Unlike top-k (which always keeps exactly k tokens regardless of confidence), top-p adjusts based on the model's certainty:
- When the model is confident (one token much higher prob): nucleus is small
- When the model is uncertain (many tokens similar prob): nucleus is larger
This is often called "adaptive" or "self-adjusting" filtering.
Math Behind It¶
- Compute softmax probabilities from logits
- Sort tokens by probability (descending)
- Accumulate probabilities: token 1 = 0.30, token 1+2 = 0.55, token 1+2+3 = 0.75, ...
- Keep tokens until cumulative sum ≥ p
- Renormalize: divide all survivors by their sum (so they sum to 1)
- Discard the rest (set their probability to 0)
Real-World Implication¶
- Safety-critical tasks (medical diagnosis, financial advice): Use top-p=0.5 or lower (strict nucleus)
- Creative tasks (ideation, content generation): Use top-p=0.9+ (loose nucleus)
- Balanced tasks: top-p=0.75 to 0.85 is a common default
Key Difference from Temperature¶
| Aspect | Temperature | Top-p |
|---|---|---|
| Mechanism | Scales all logits uniformly | Filters + renormalizes |
| Effect | Makes all tokens more/less likely proportionally | Creates a candidate set |
| Dynamic? | No—fixed for a run | Yes—adapts to confidence |
| Order | Preserves ranking (most likely stays most likely) | Preserves ranking within nucleus |
Next Step¶
You now understand: - Temperature = stretches distribution - Top-p = selects a nucleus
Ready to see how they interact?
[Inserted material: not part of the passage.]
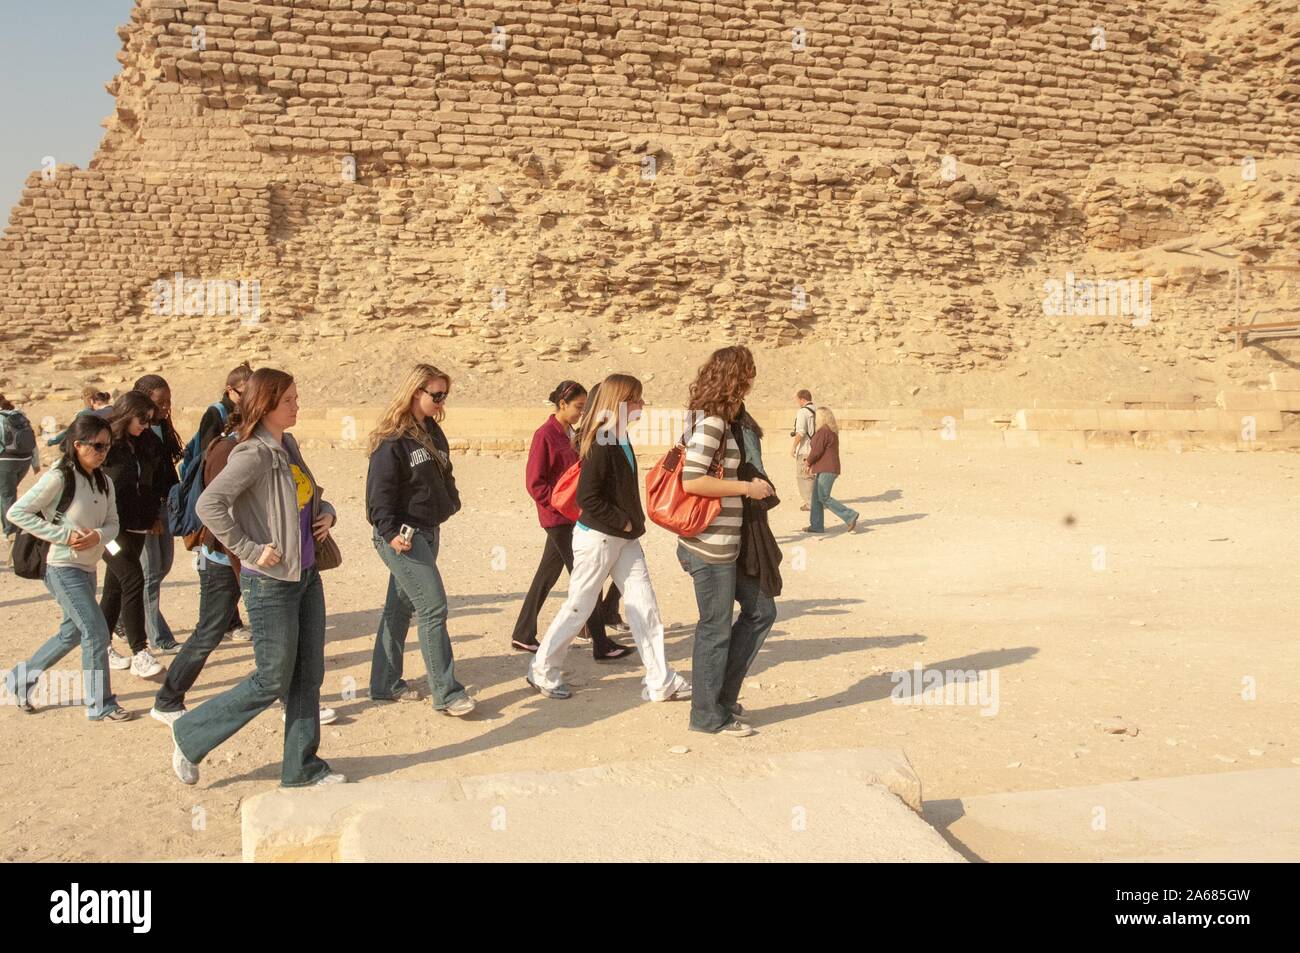 A group of students from the Johns Hopkins University in Baltimore, Maryland, outside on a sunny day, walking near the crumbling base of a pyramid, Giza, Egypt during a study abroad program, January 6, 2008. From the Homewood Photography Collection. () Stock Photo

Move to:
Optional: Dive Deeper¶
Try varying both temperature and top-p to see the interaction:
settings = [
dict(name='T=0.5, p=0.5', temperature=0.5, top_k=0, top_p=0.5),
dict(name='T=1.0, p=0.5', temperature=1.0, top_k=0, top_p=0.5),
dict(name='T=1.5, p=0.5', temperature=1.5, top_k=0, top_p=0.5),
]
Notice: Temperature affects how confident the distribution is about its nucleus; top-p controls which tokens get a shot.